═══ Input data ═══

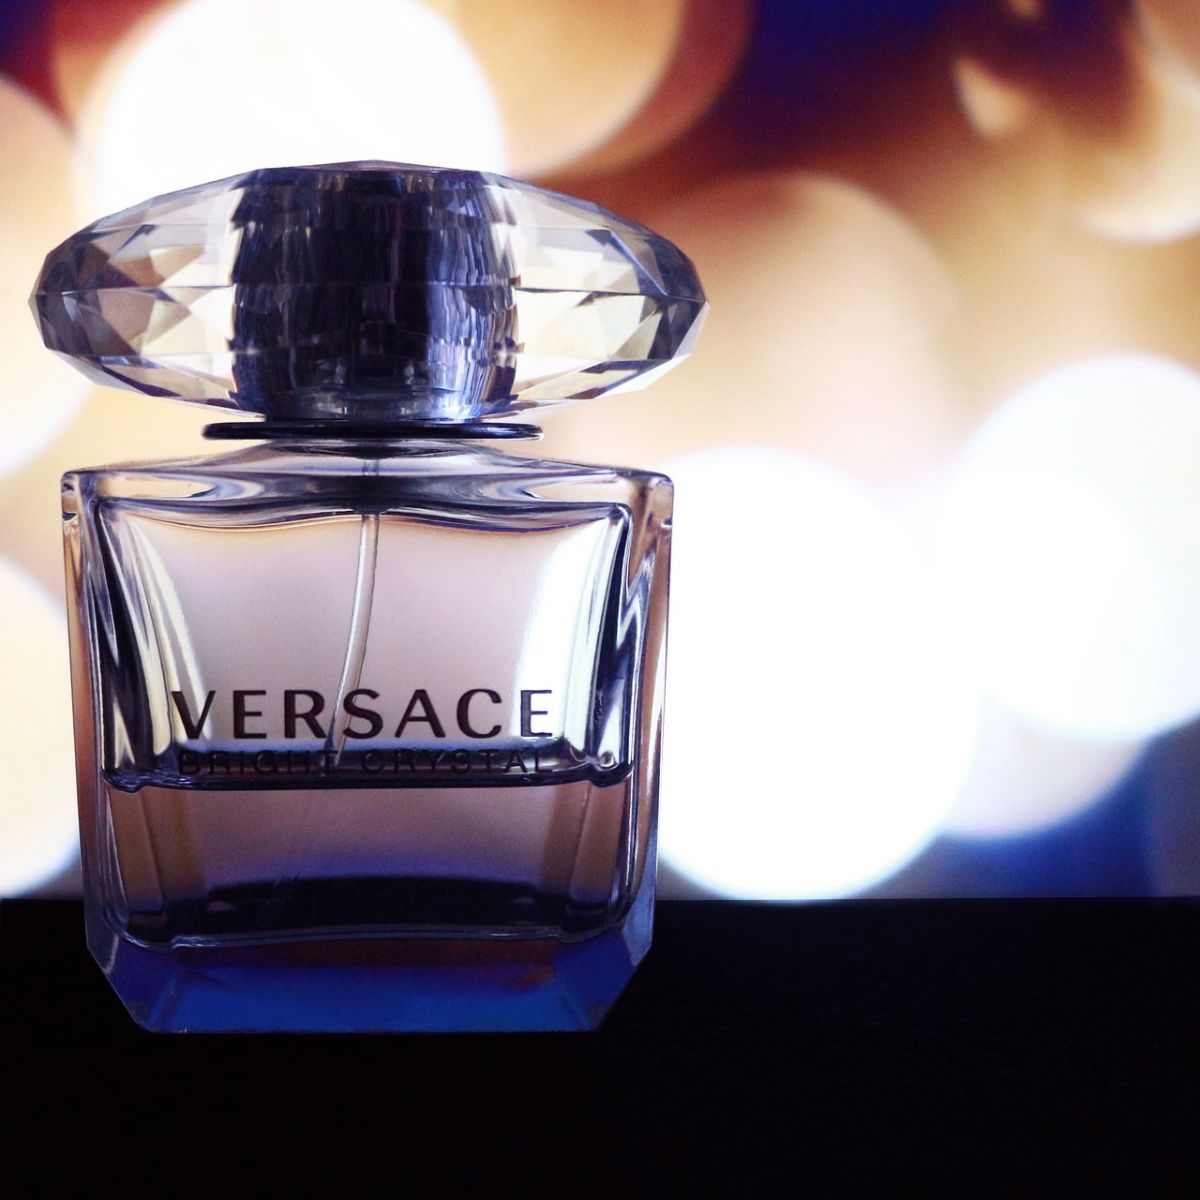 Versace Michael Kors Acquisition 2
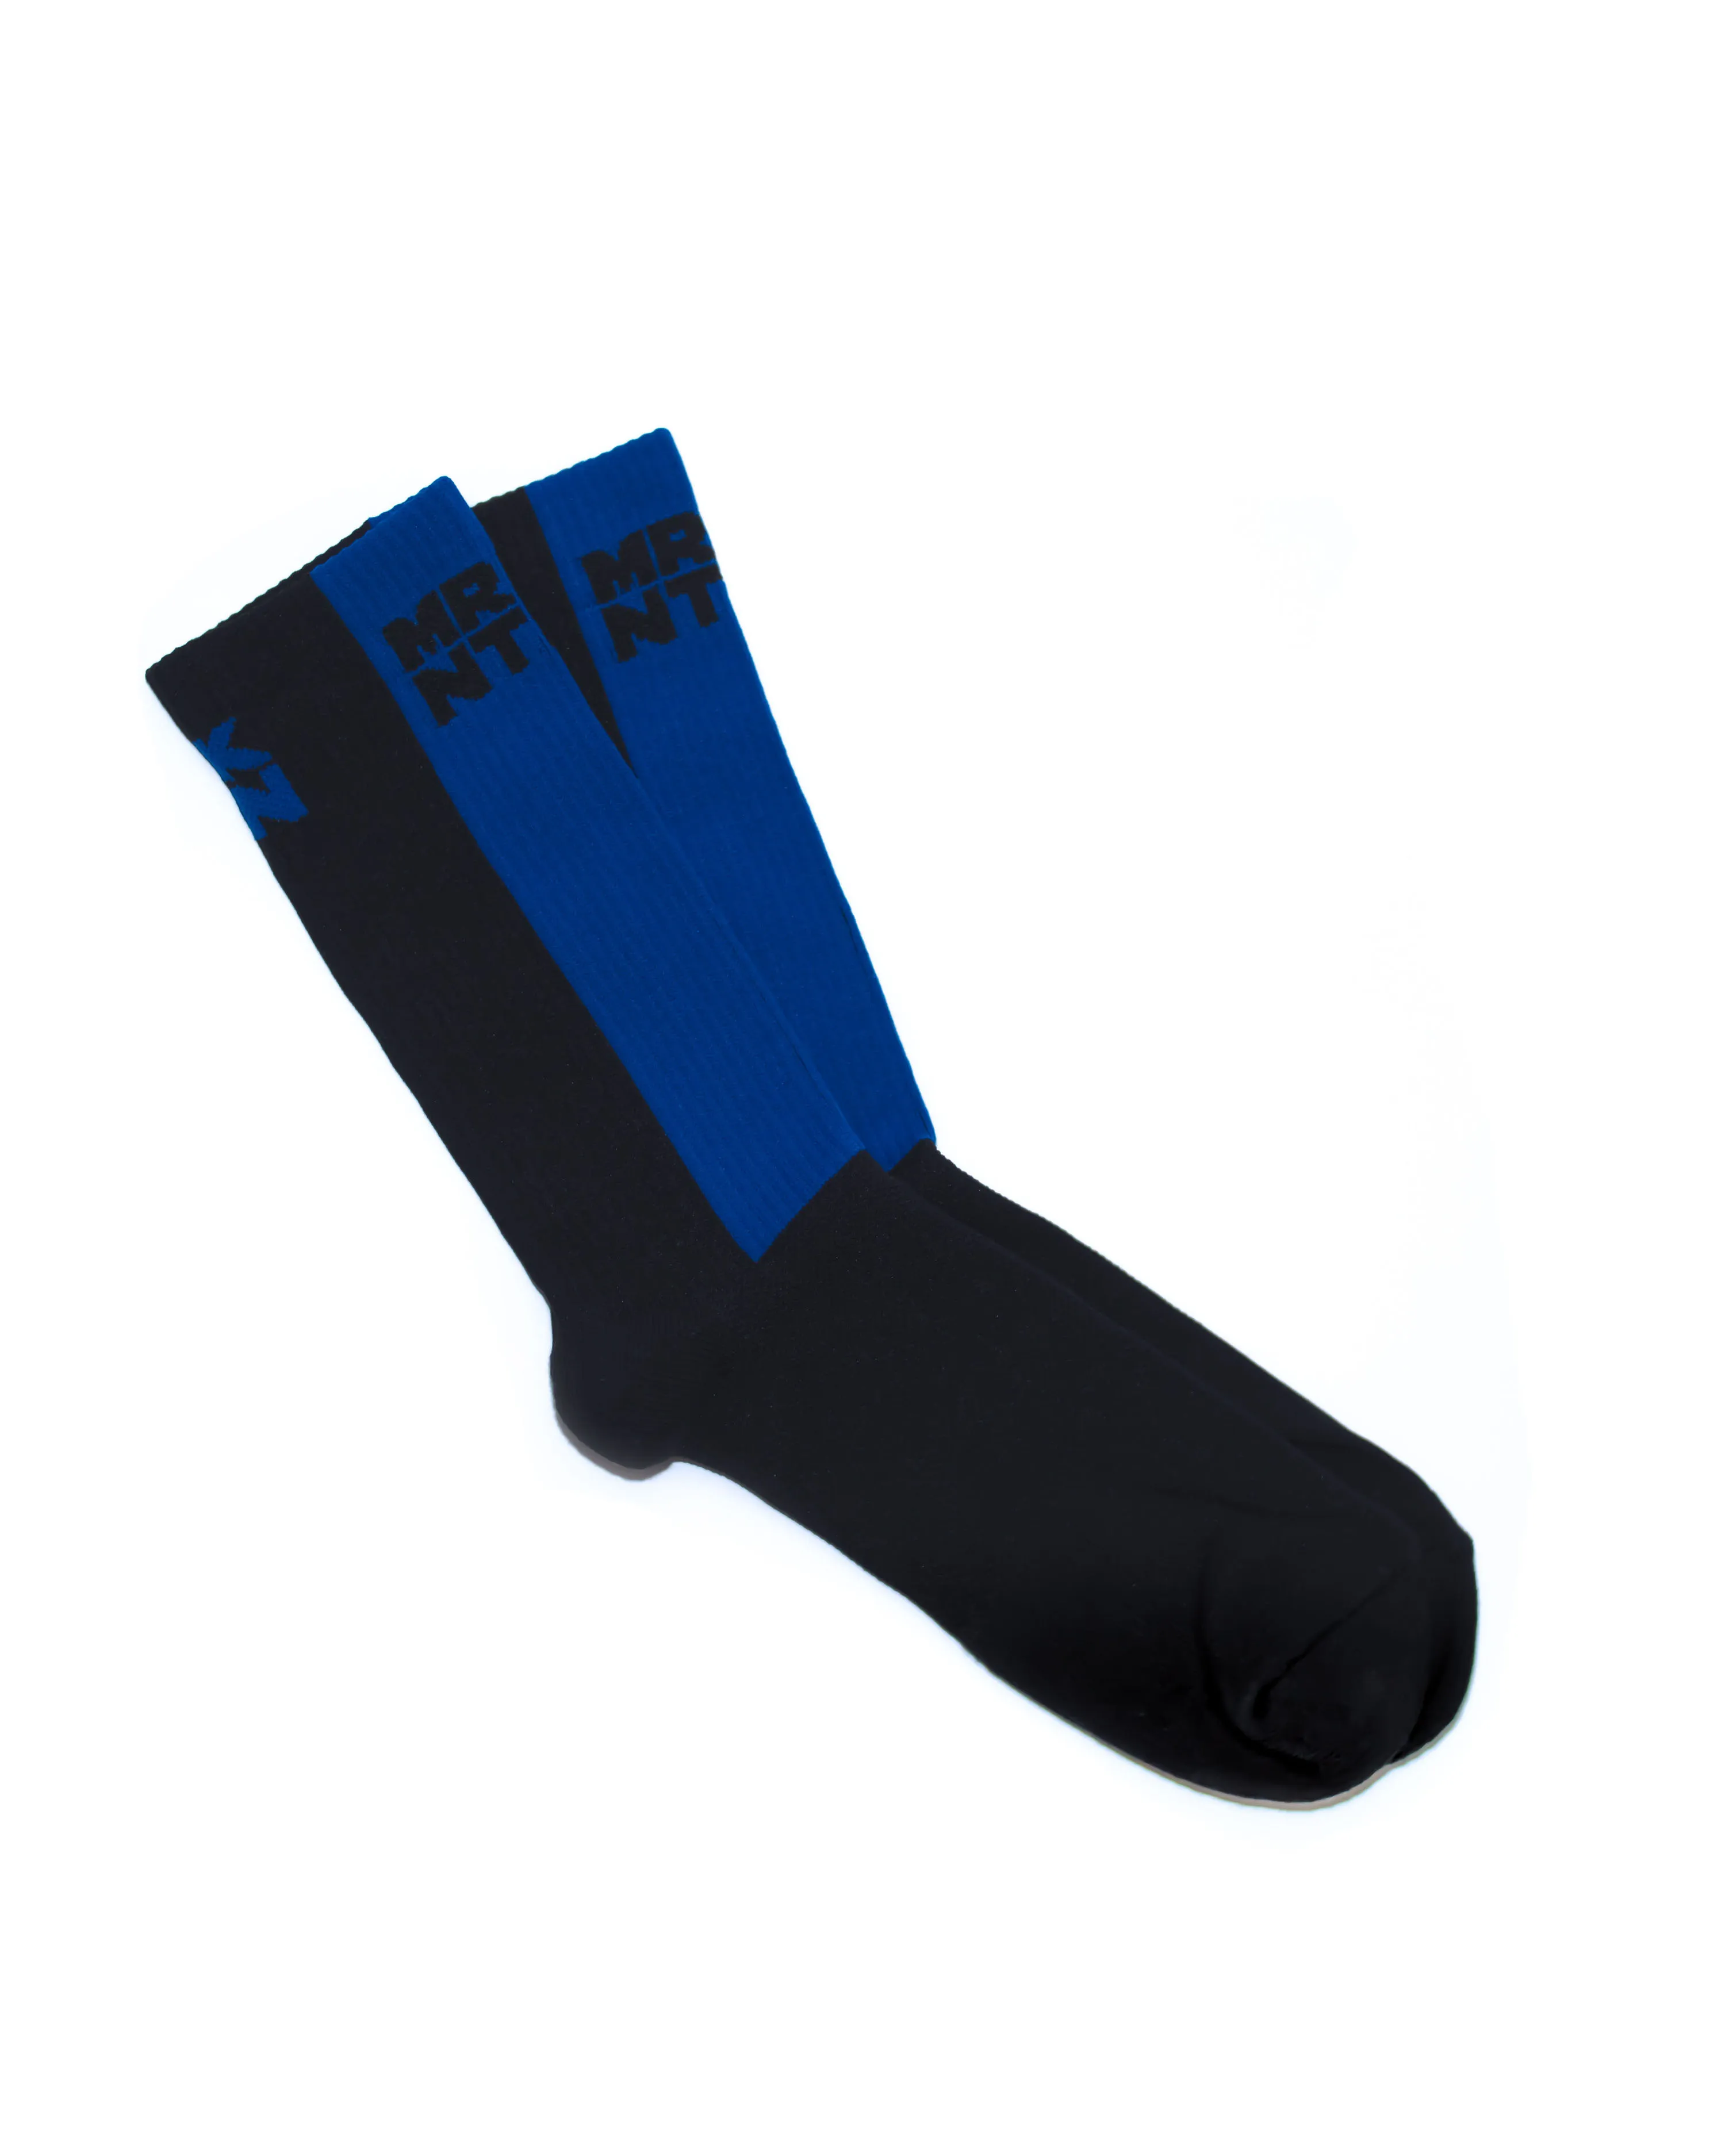 Les chaussettes noires et bleues de MRKNTN
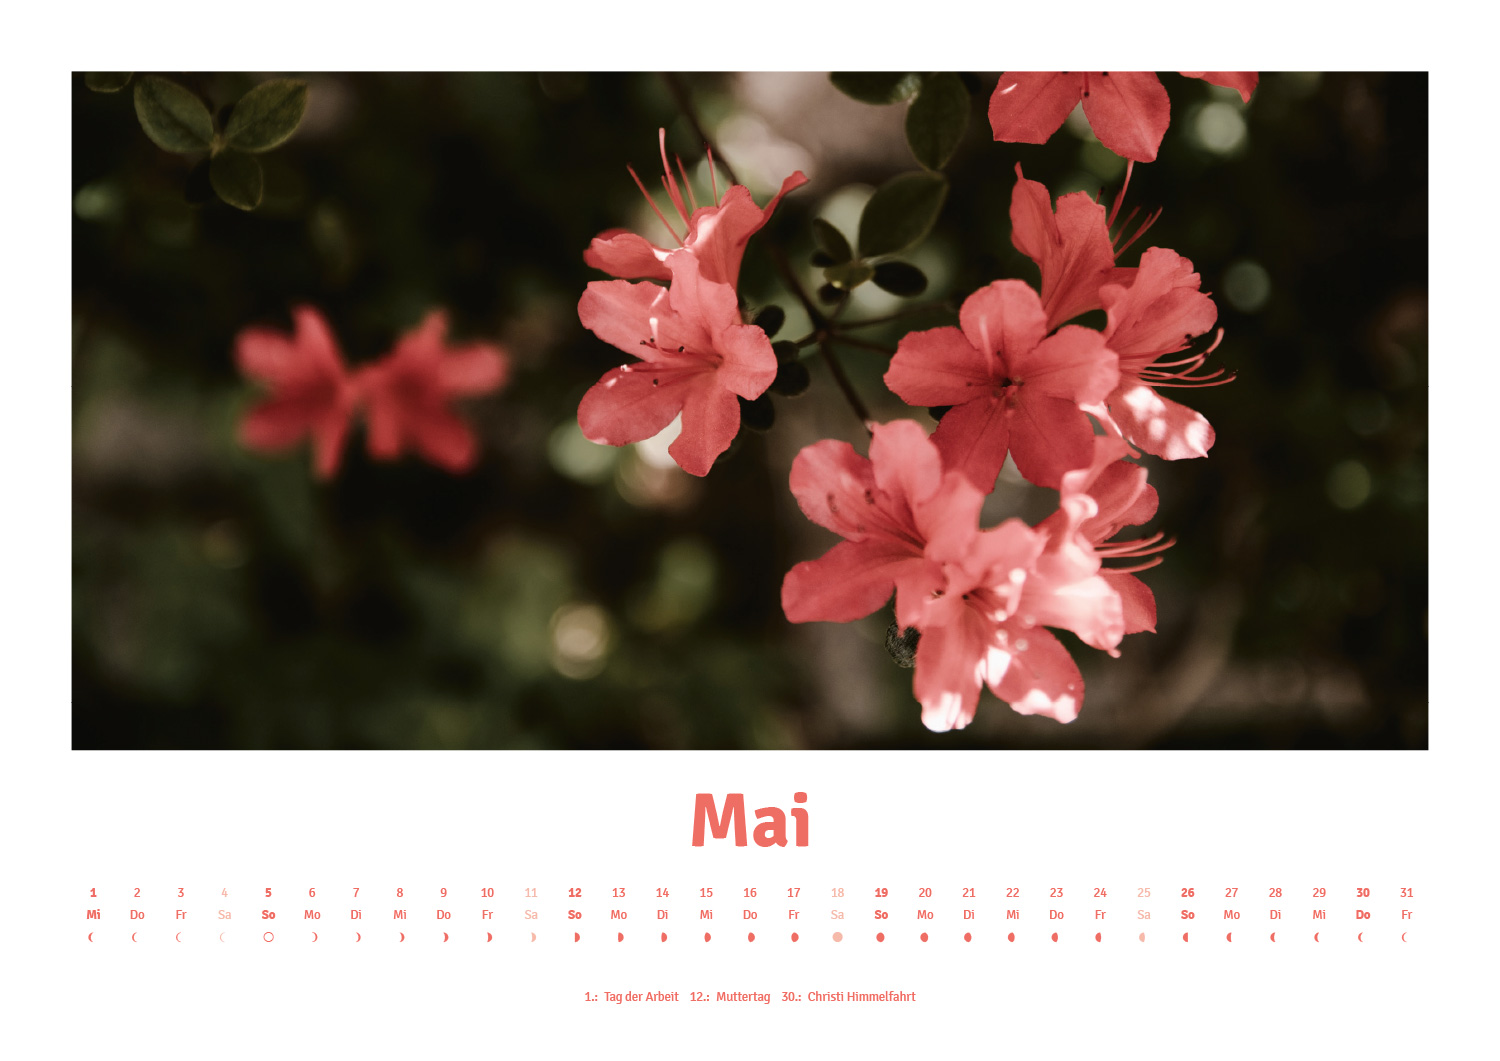 Calidario-PANTONE calendar 2019 in May with cherry blossom motif
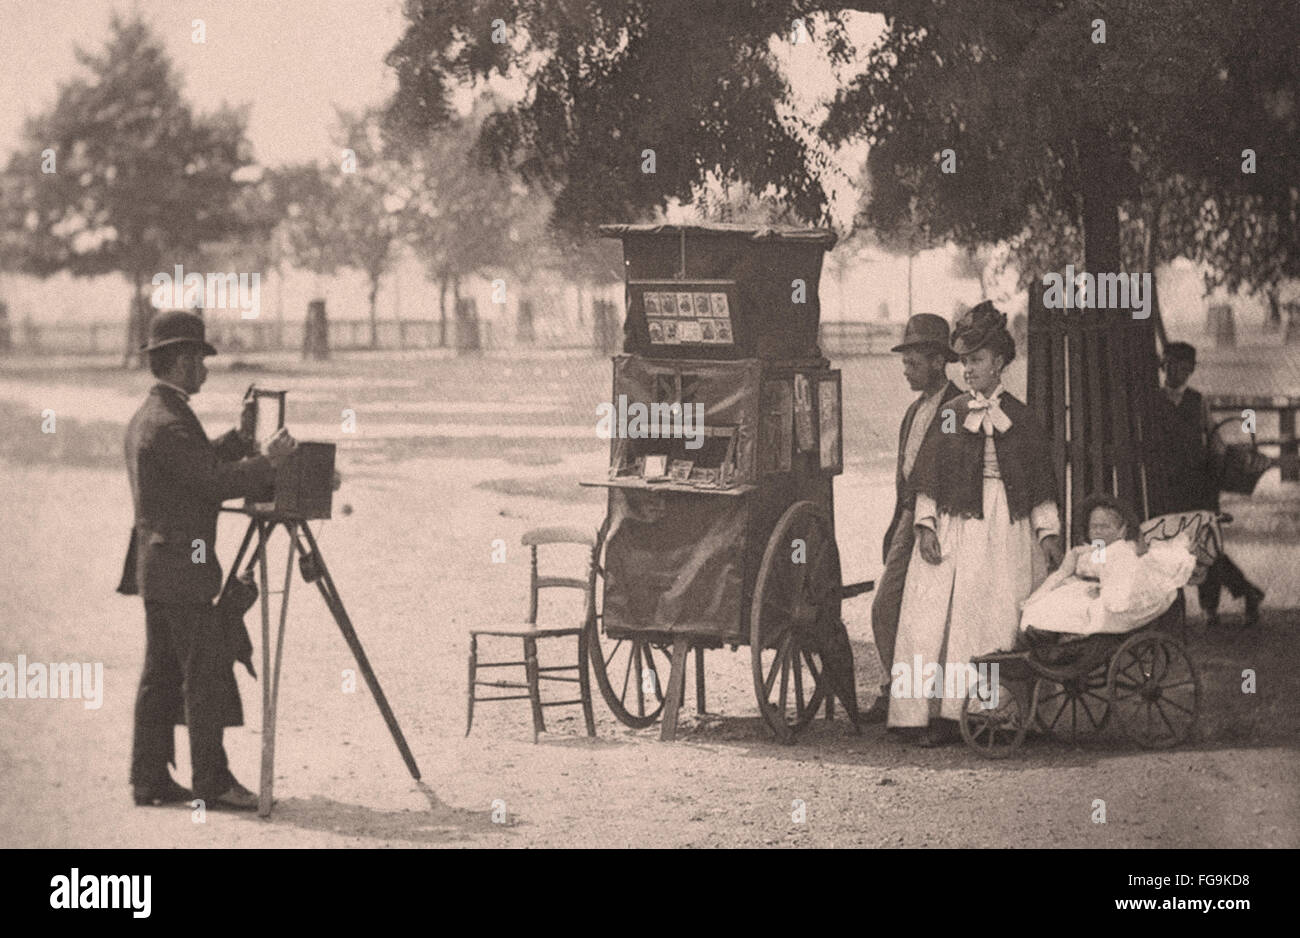 Leben auf der Straße in London aus dem viktorianischen Zeitalter - Straßenfotograf Stockfoto
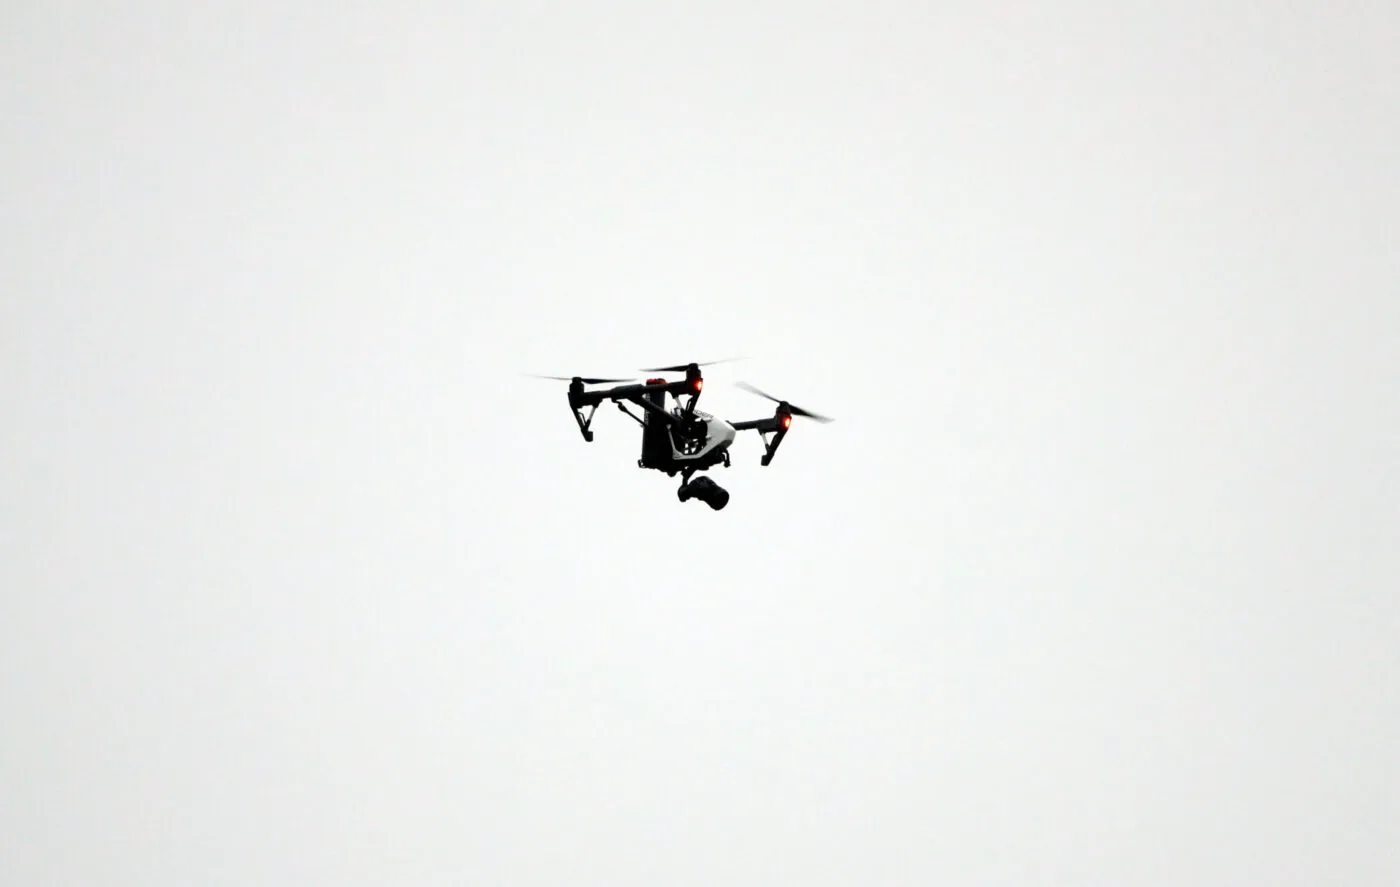 Le Canada accusé d’espionnage au drone par la Nouvelle-Zélande aux JO

═══

- _Your instructions_:
Give back each line above exactly, with pictures dropped.

- _Problem solution_:
 Versace Michael Kors Acquisition 2
 Les chaussettes noires et bleues de MRKNTN
 Calidario-PANTONE calendar 2019 in May with cherry blossom motif
 Leben auf der Straße in London aus dem viktorianischen Zeitalter - Straßenfotograf Stockfoto
 Le Canada accusé d’espionnage au drone par la Nouvelle-Zélande aux JO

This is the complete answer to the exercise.